For immunohistochemistry sections were blocked in 10% normal goat serum (NGS) and 1% bovine serum albumin (BSA) in PBS. Antibodies were diluted in 1% NGS/1%BSA in PBS: anti-mouse β-catenin (1:50; Transduction Laboratories, San Diego, CA). Antibody detection was carried out using HRP conjugated secondary antibodies (1:200; Vector labs) and DAB (Vector Labs). All immunohistochemical staining was imaged using an Olympus microscope and CellP Olympus software.

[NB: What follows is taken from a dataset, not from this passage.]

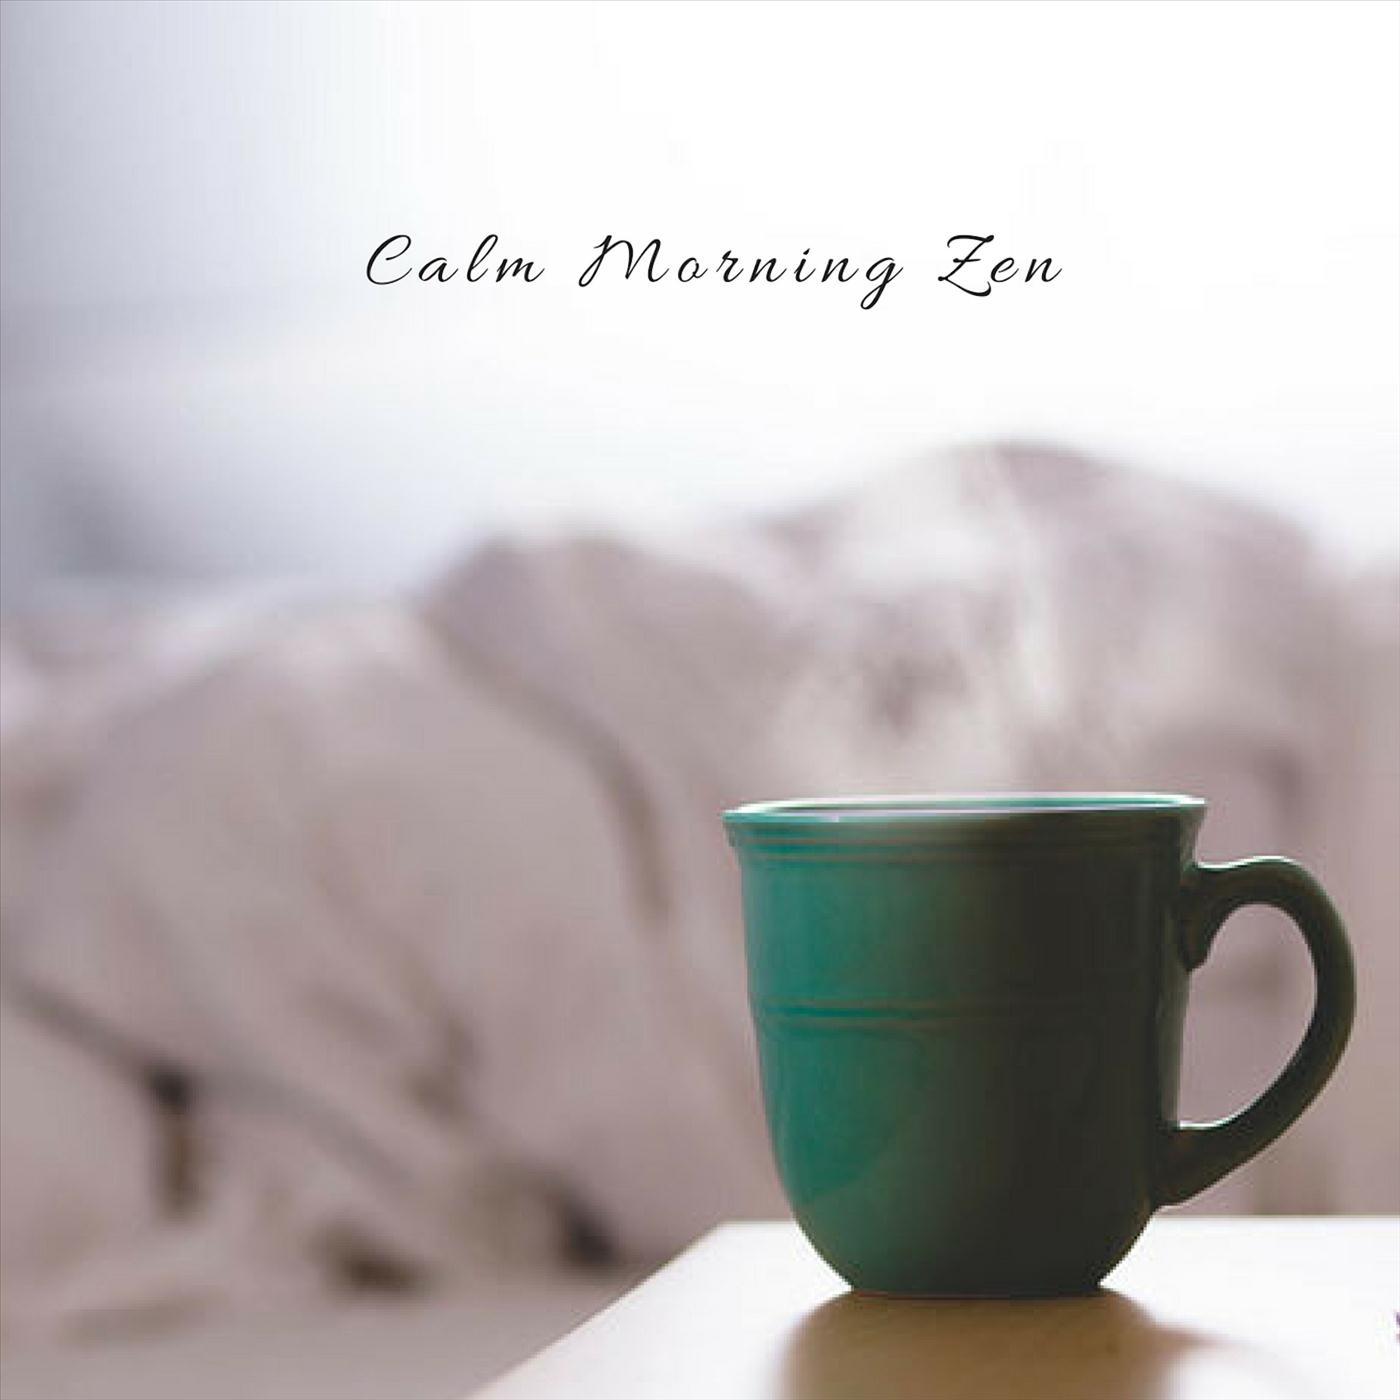 Calm Morning Zen

For immunofluorescent staining with CPSI and GS sections were blocked in 5% BSA/PBS. Antibodies were diluted in 1% BSA/PBS CPSI (1:200, a generous gift from Wouter Lamers), GS (1:500, Transduction Labs), anti-mouse Alexa 488 (1:1000, Molecular Probes, Invitrogen) and anti-rabbit Alexa 594 (1:500, Molecular Probes, Invitrogen). Fluorescent staining was imaged using a Zeiss LSM Meta confocal microscope and LSM software.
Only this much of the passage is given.